| DATASET EXTRACT |
******************************
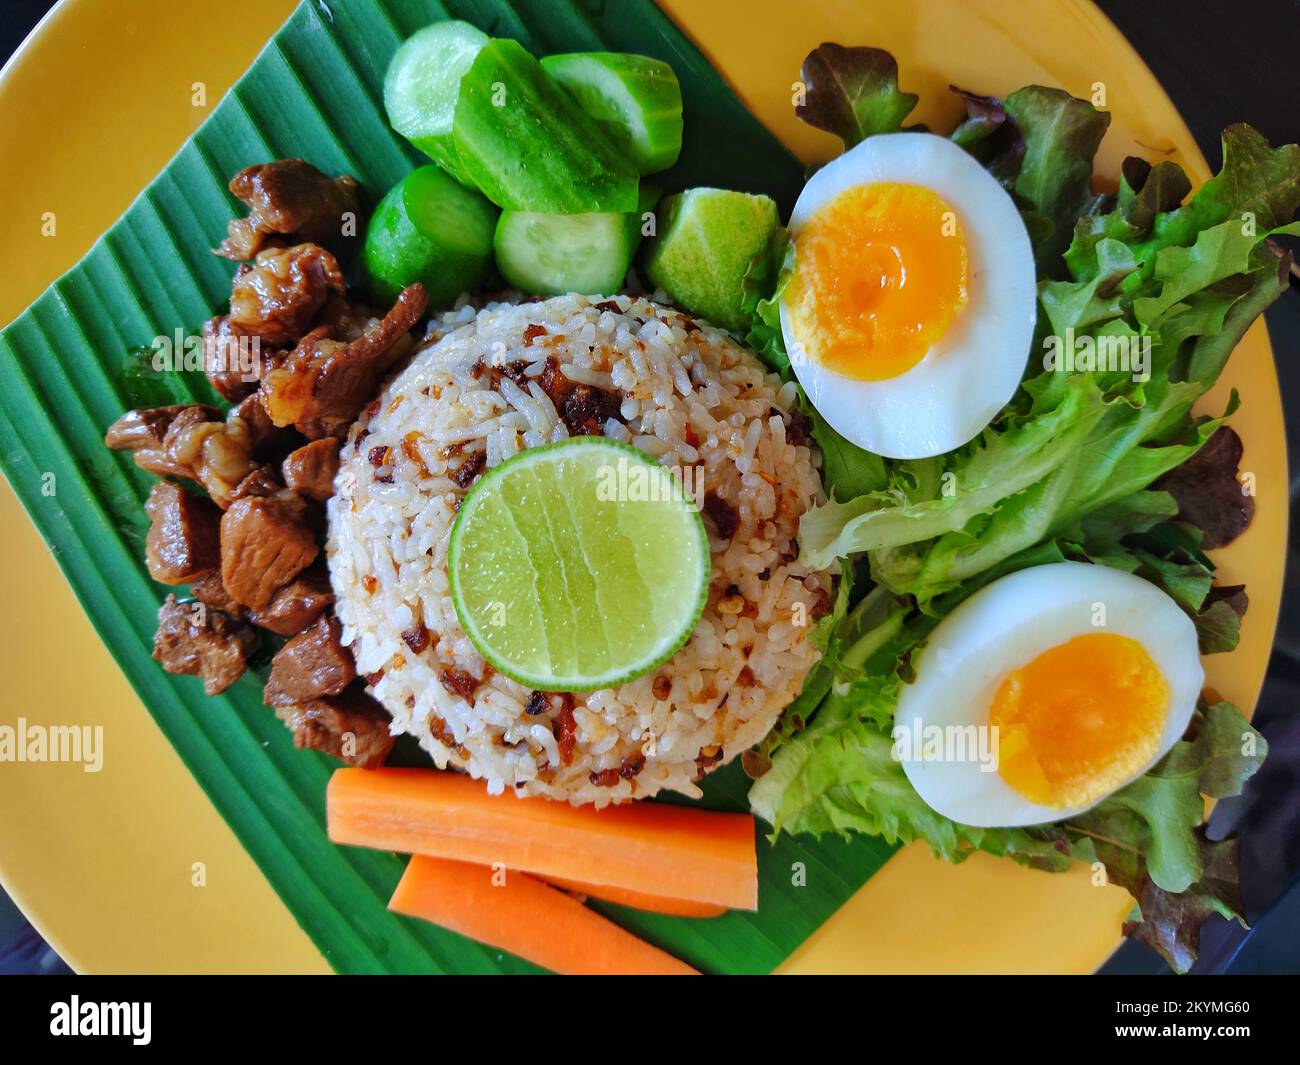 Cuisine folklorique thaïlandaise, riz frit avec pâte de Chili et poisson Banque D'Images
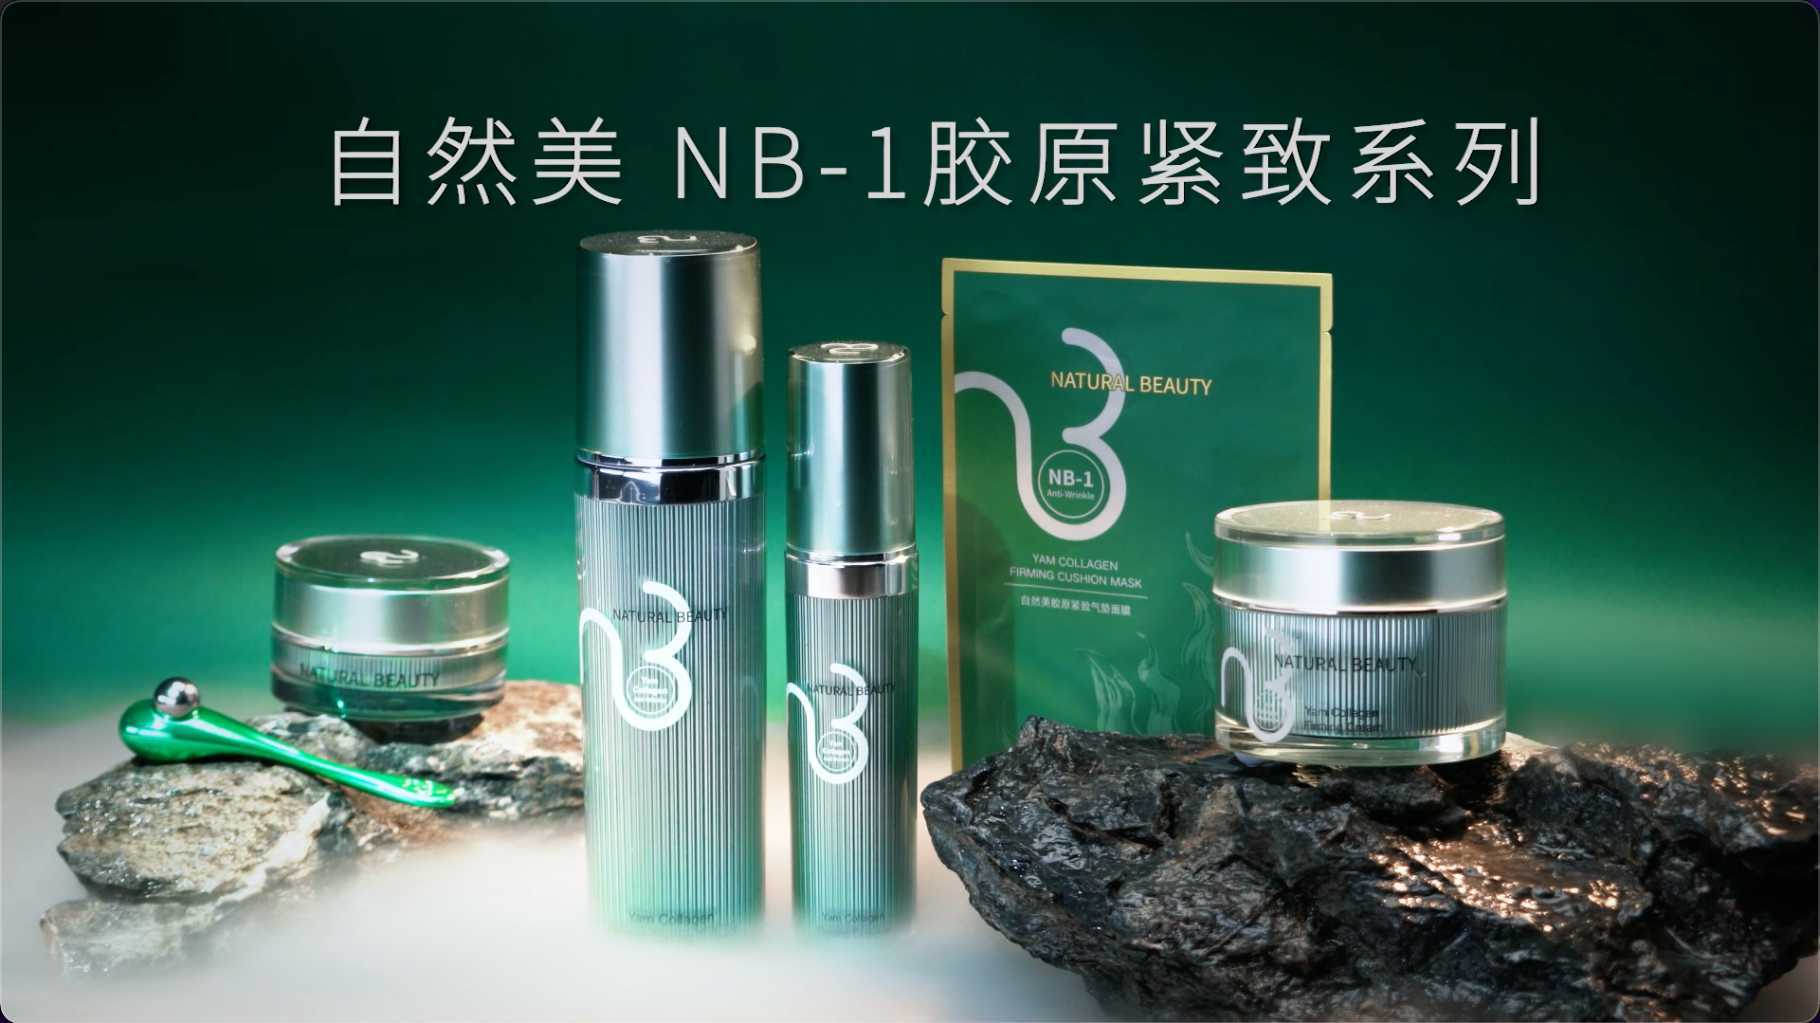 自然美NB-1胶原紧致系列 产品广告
******************************
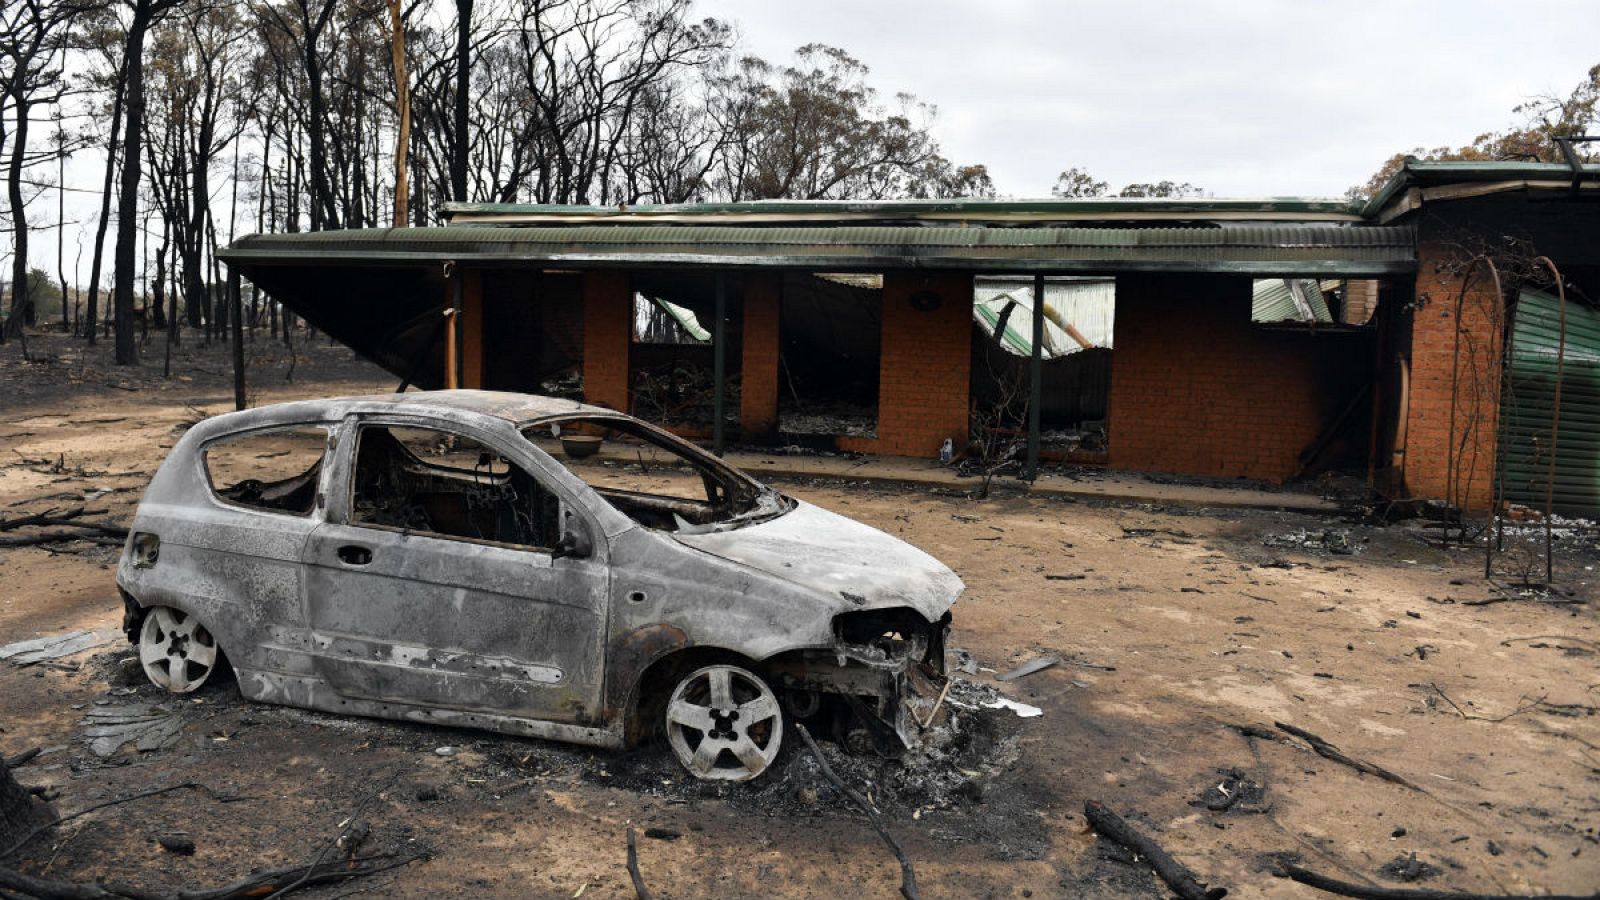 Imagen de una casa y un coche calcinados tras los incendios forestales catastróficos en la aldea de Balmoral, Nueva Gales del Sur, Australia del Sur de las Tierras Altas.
******************************
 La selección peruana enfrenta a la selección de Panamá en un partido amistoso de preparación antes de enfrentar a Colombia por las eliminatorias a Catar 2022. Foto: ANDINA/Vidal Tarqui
******************************
Leave the pictures out. Output, exactly, the lines of the material above starting at the line containing "Cuisine folklorique thaïlandaise, riz" and ending at the line containing "自然美NB-1胶原紧致系列 产品广告".

 Cuisine folklorique thaïlandaise, riz frit avec pâte de Chili et poisson Banque D'Images
 自然美NB-1胶原紧致系列 产品广告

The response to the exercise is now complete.